”Ma, mana baju seragam merah putih ku?” jerit Acha dari dalam kamar.
”Jangan teriak-teriak, Cha, Mama sakit lagi, sekarang di kamar sedang tidur,” hardik Tante Dwi adiknya Mama.
”Mama sakit apa, Tante? Mama selalu lemas setiap kali penyakitnya kambuh,” ucap Acha bingung.
”Baju seragamnya sudah Tante siapkan. Nanti sore Ayah akan membawa Mama ke rumah sakit, jadi baru nanti tahu Mama sakit apa. Sana ambil seragamnya, sekalian punya adik-adik ya, Cha,” pinta Tante Dwi.
Sekarang, semua peran Mama di rumah, praktis diambil alih Tante Dwi. Kami sekeluarga masih tinggal di rumah Eyang bersama Tante Dwi yang belum menikah.
”Cha, nanti Tante jemput kalian semua jam satu ya! Kalau Tante belum datang, jangan kemana-mana. Ingat ya, Cha, jaga adik-adik,” terang Tante Dwi tersenyum.
”Dah, Tante. Sampai nanti siang ya. Aku akan jaga adik-adik,” kata Acha melangkah gontai masuk gerbang sekolah sambil tak putus memikirkan Mamanya yang sakit.
Jam satu siang tepat, Tante Dwi sudah menunggu di depan gerbang sekolah.

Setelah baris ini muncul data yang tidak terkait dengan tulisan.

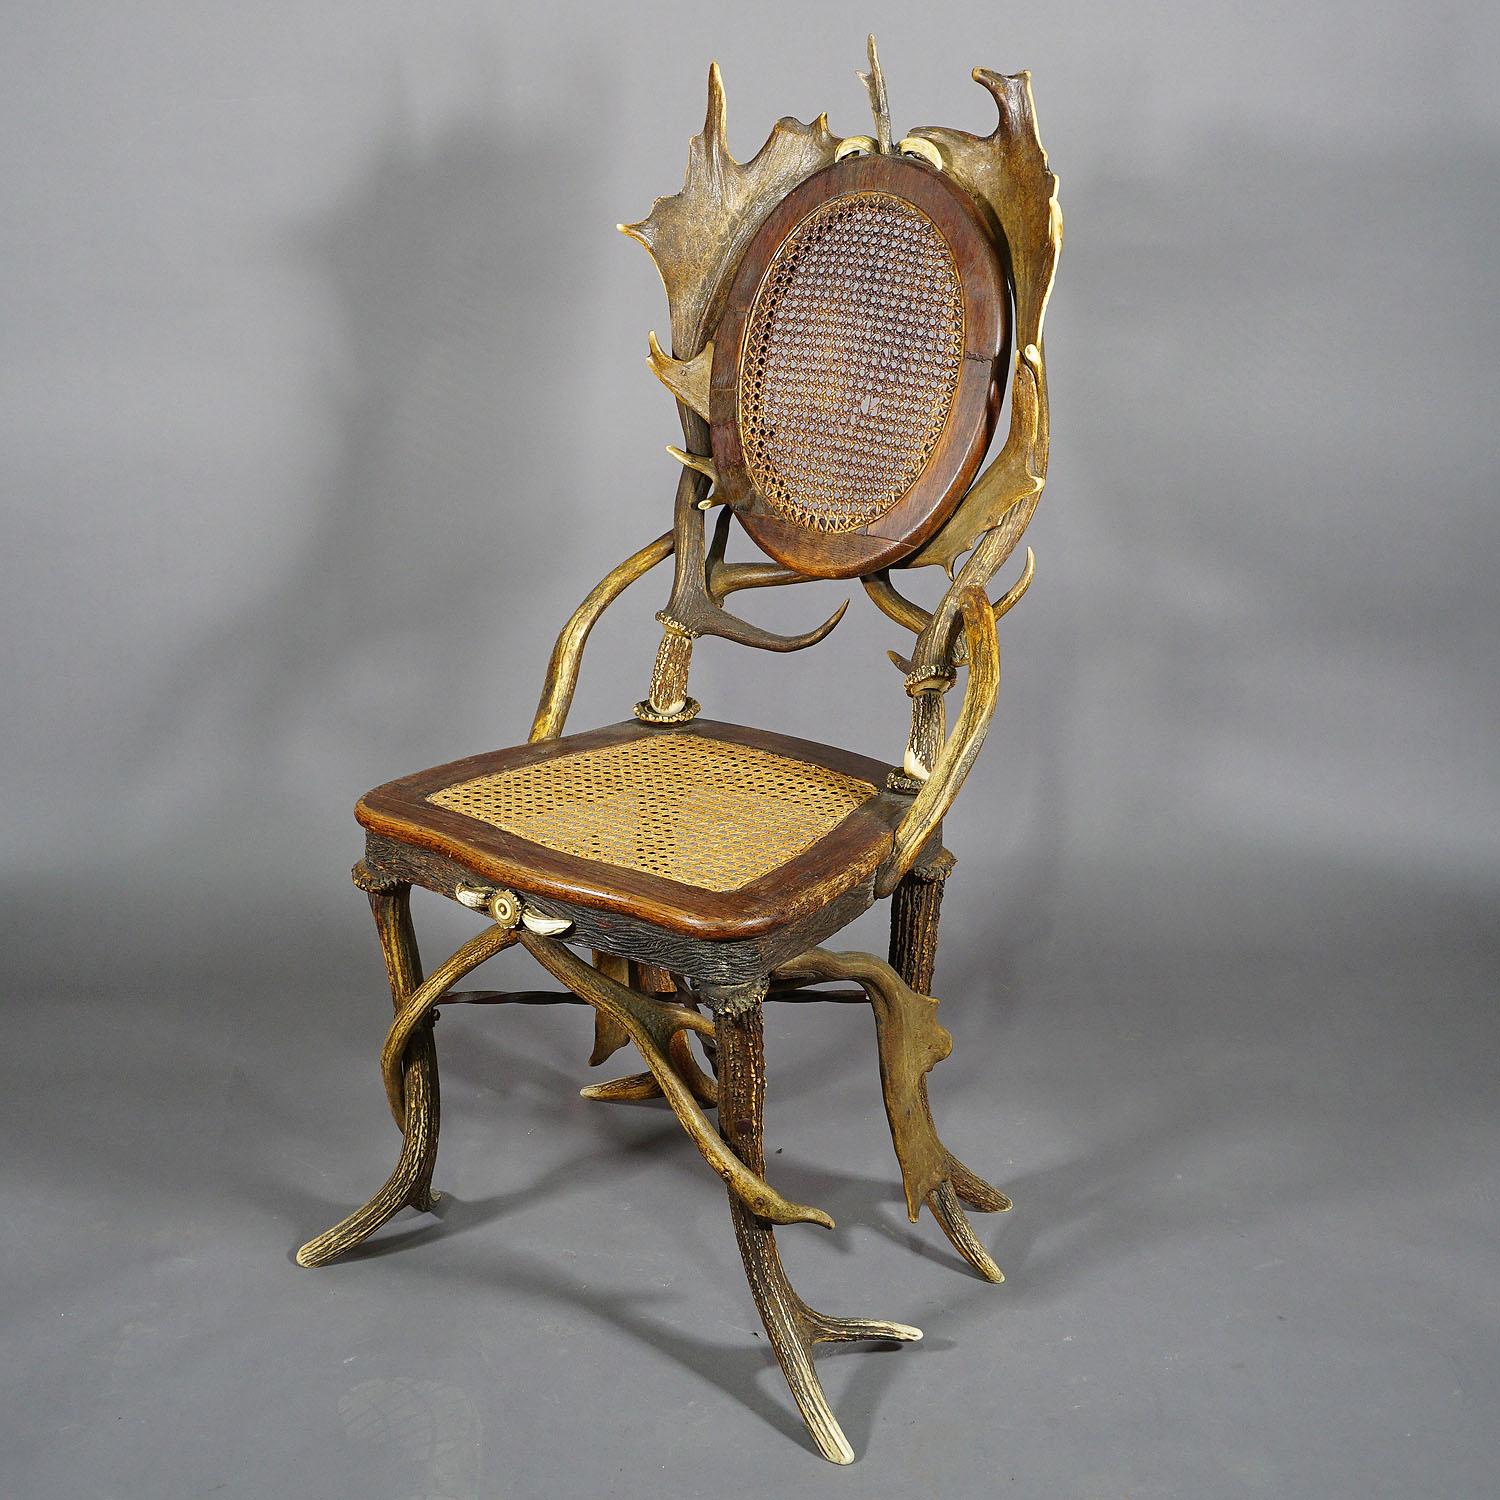 Pair of Antique Rustic Antler Parlor Chairs, Germany, circa 1900

A pair of antique antler chairs, made of antlers from the deer and fallow deer. They are decorated with a turned horn rose and wildboar tusks. The seat and backrest are made of oak

”Hai keponakan Tante semua, apa kabar? Wah, sudah lapar ya? Maaf ya Tante nggak masak makan siang, ayo kita makan di restoran,” sapa Tante Dwi pada Acha, Ina, dan Bram.
”Tante, keadaan Mama bagaimana sekarang? Sudah pulang ke rumah kan?” tanya Acha penasaran kepada Tantenya.
”Mama sakit lupus, Cha, dan sekarang harus dirawat di rumah sakit untuk sementara waktu. Kalian tidak usah khawatir karena Tante akan menjaga kalian selama Mama di rumah sakit,” jelas Tante Dwi.
”Terima kasih ya, Tante Dwi,” ucap Acha riang. ”Acha dan adik-adik dapat cinta dari dua Mama, dari Mama dan Tante yang sudah menganggap kita keponakan sekaligus anak, hehe..” ungkap Acha bergelayut manja pada Tantenya.
Tidak terasa, air mata mengalir dari ujung mata Acha karena haru dan senang. ”Terima kasih Tuhan, Engkau telah mengirimkan Tante Dwi sebagai Mama kedua kami,” gumam Acha perlahan.